Data

◆ ◆ ◆ ◆

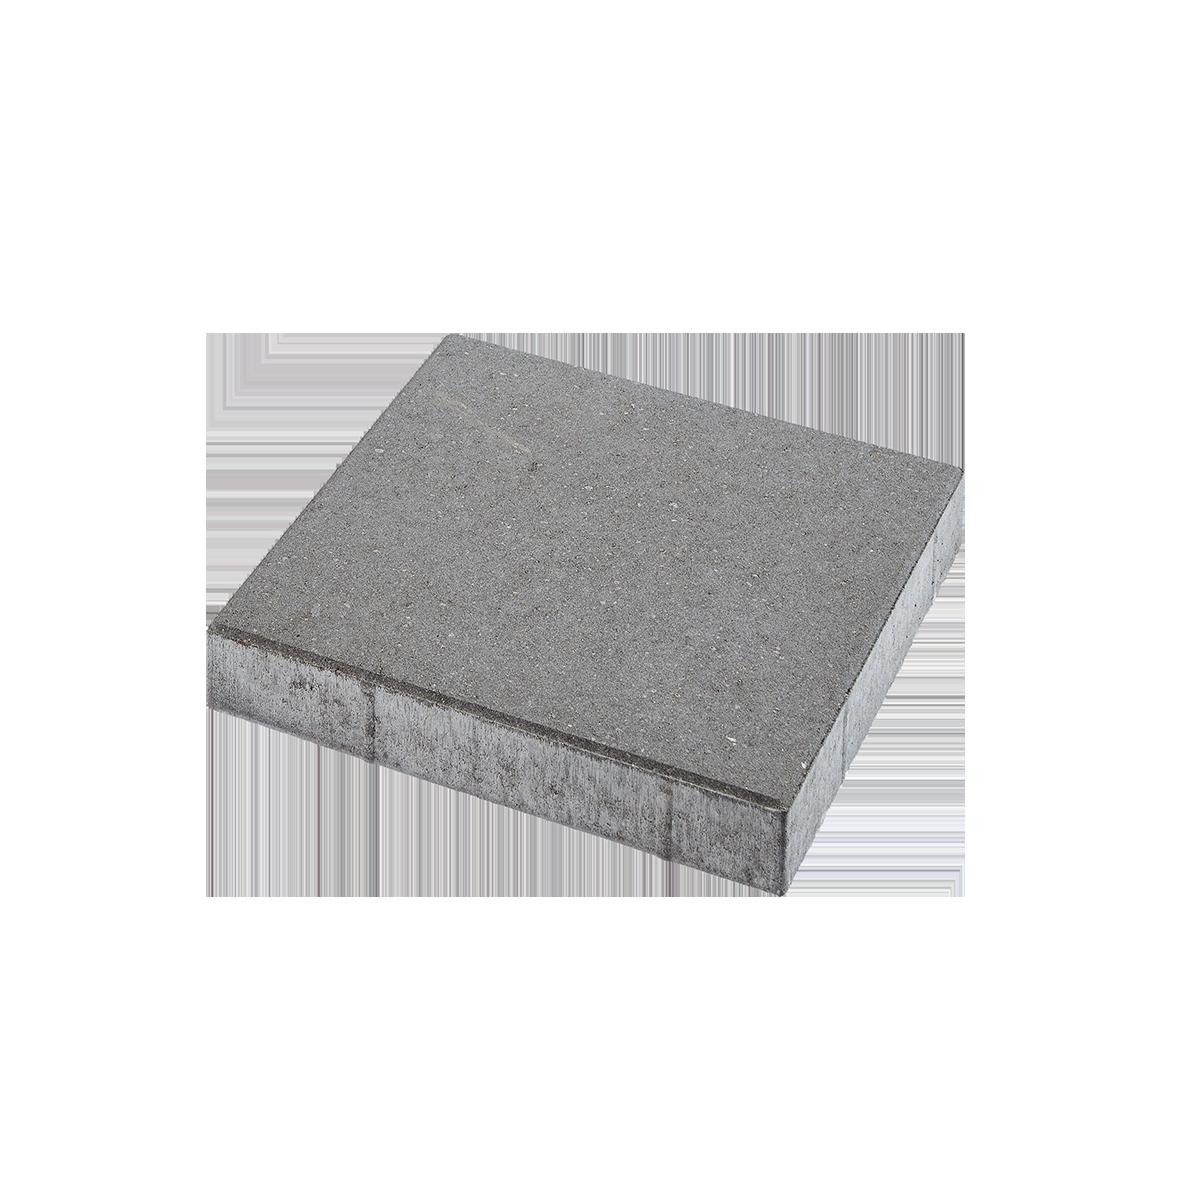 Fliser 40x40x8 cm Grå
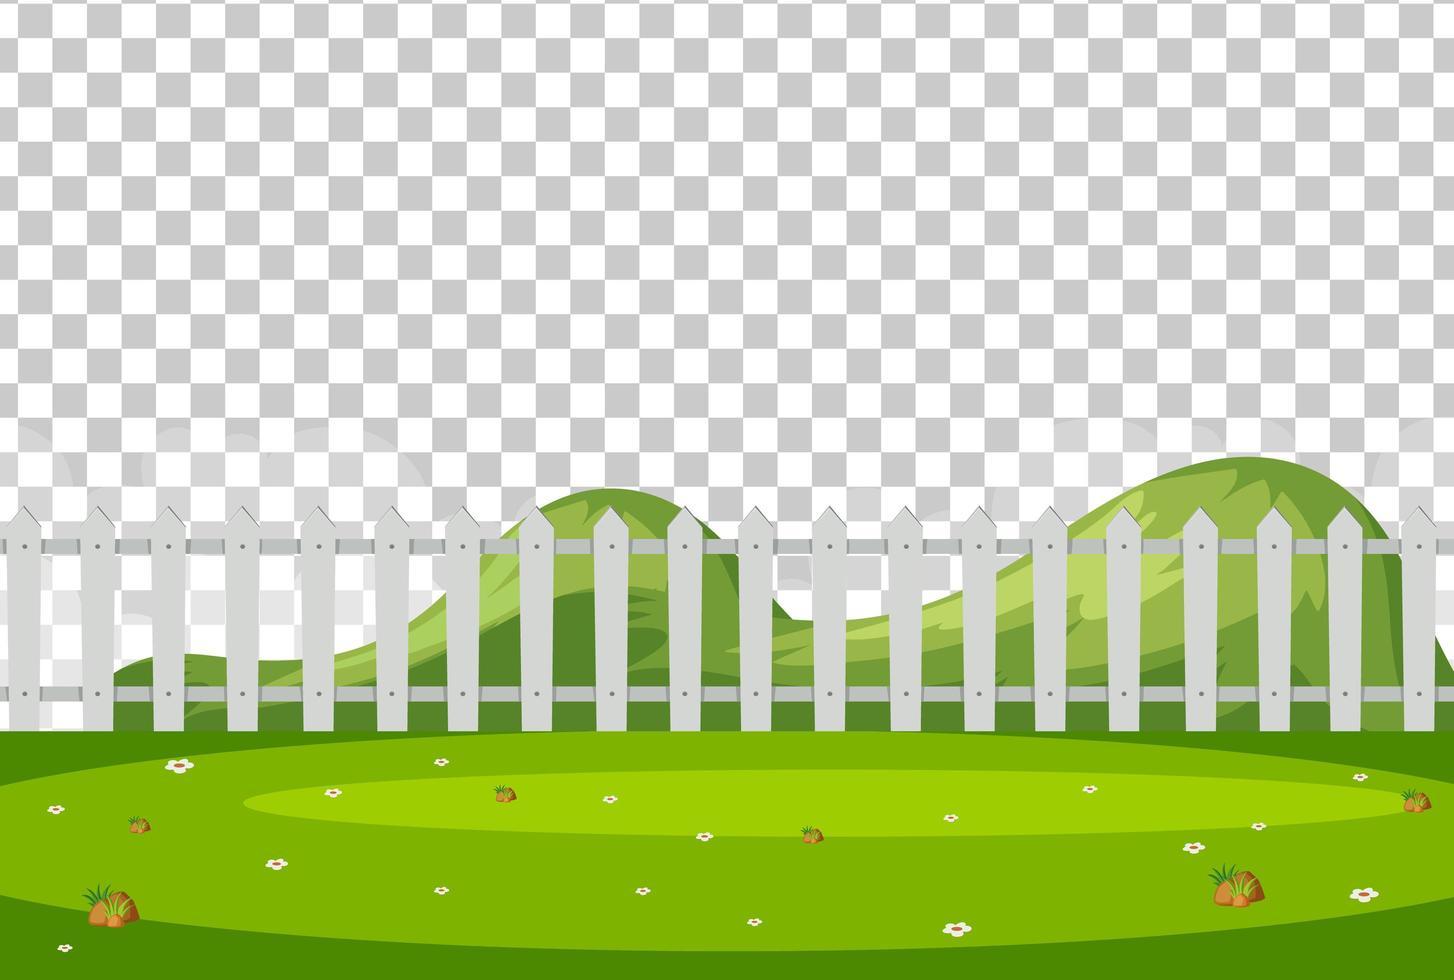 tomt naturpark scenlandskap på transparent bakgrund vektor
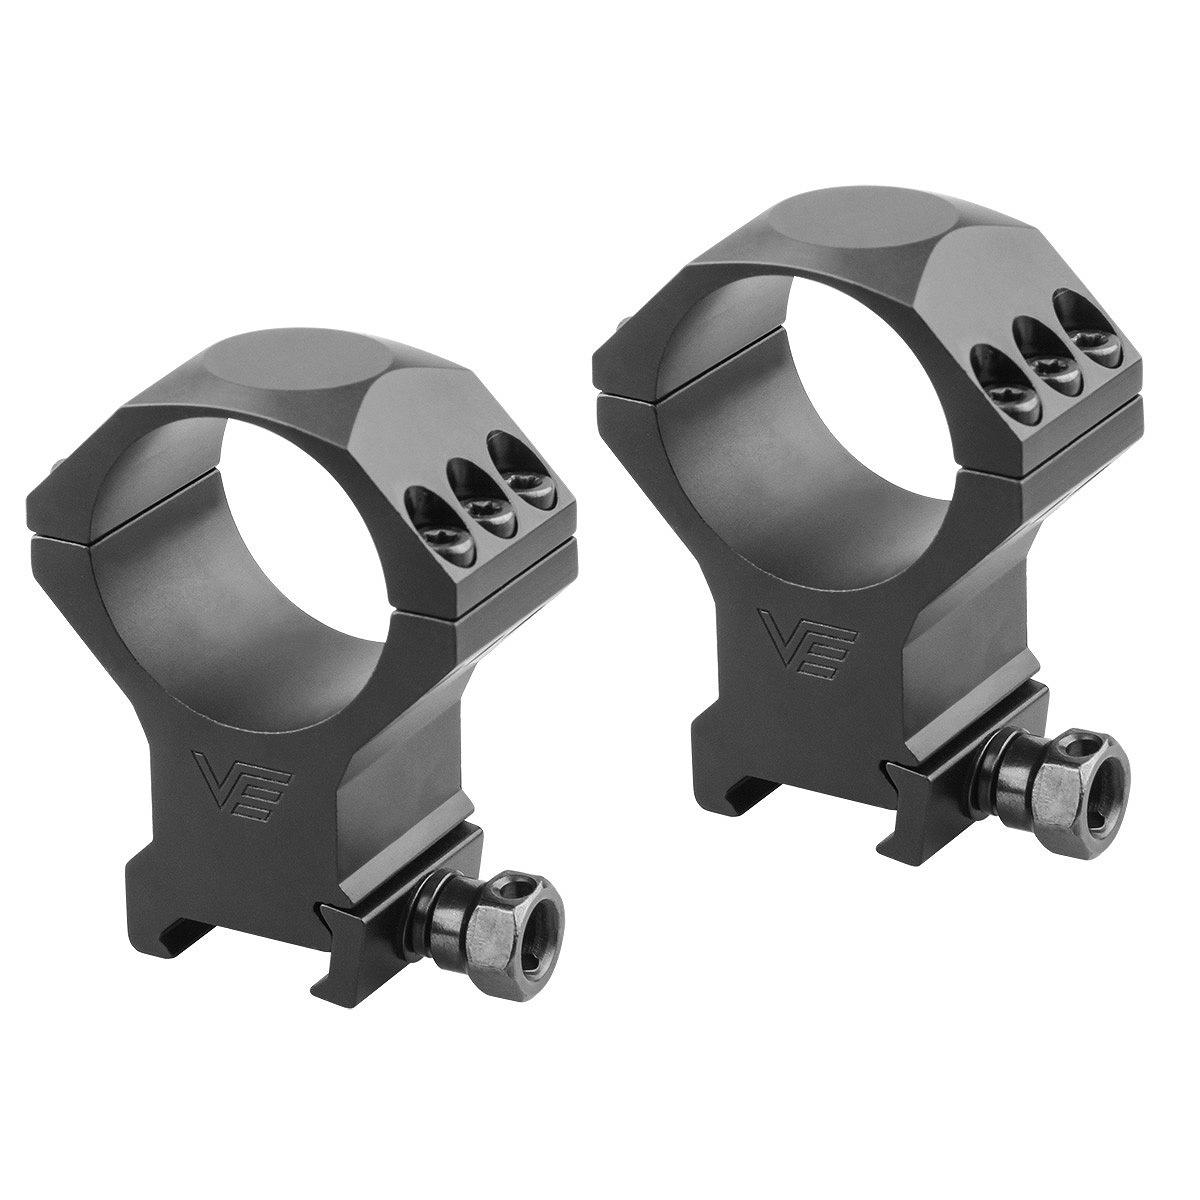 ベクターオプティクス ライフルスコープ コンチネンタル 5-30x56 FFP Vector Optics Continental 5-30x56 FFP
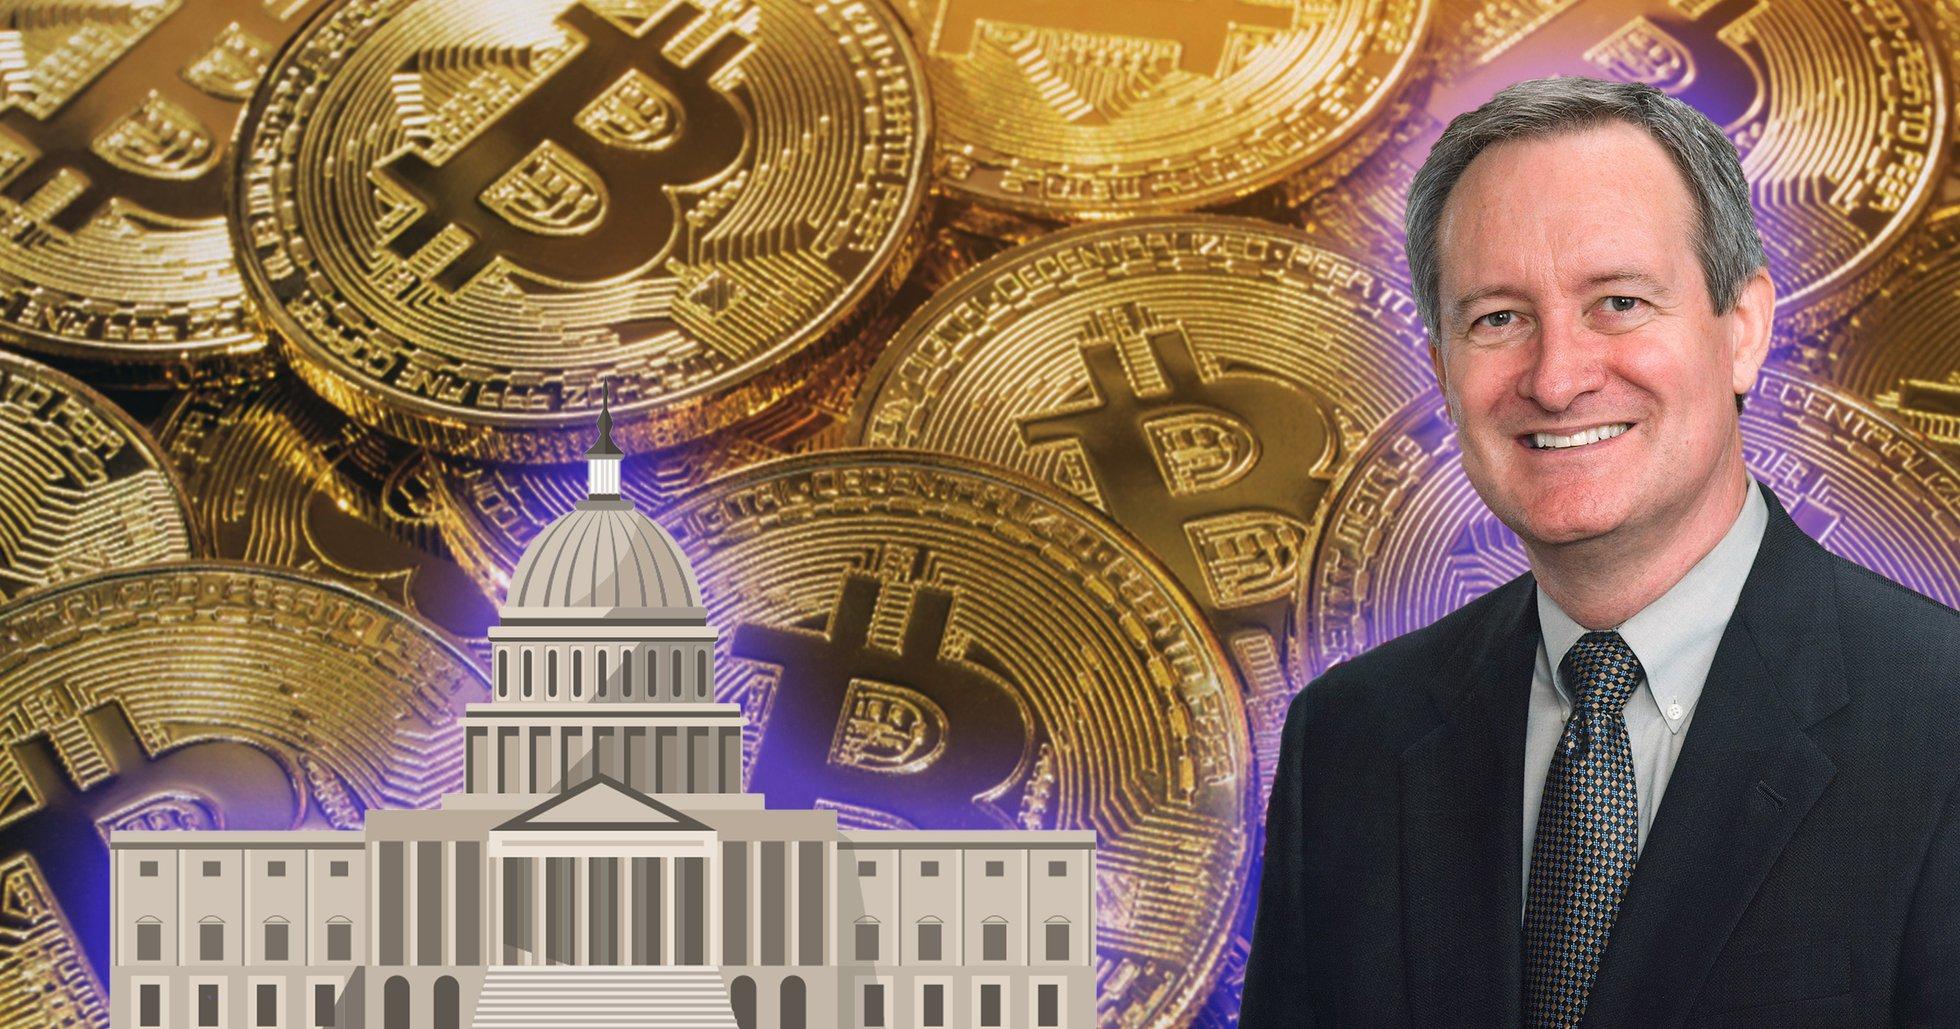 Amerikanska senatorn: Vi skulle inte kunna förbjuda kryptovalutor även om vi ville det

◆ ◆ ◆ ◆

Task instructions
The listing above must be restated word for word. Its pictures are to be left out.

Response to this task
 Fliser 40x40x8 cm Grå
 tomt naturpark scenlandskap på transparent bakgrund vektor
 ベクターオプティクス ライフルスコープ コンチネンタル 5-30x56 FFP Vector Optics Continental 5-30x56 FFP
 Amerikanska senatorn: Vi skulle inte kunna förbjuda kryptovalutor även om vi ville det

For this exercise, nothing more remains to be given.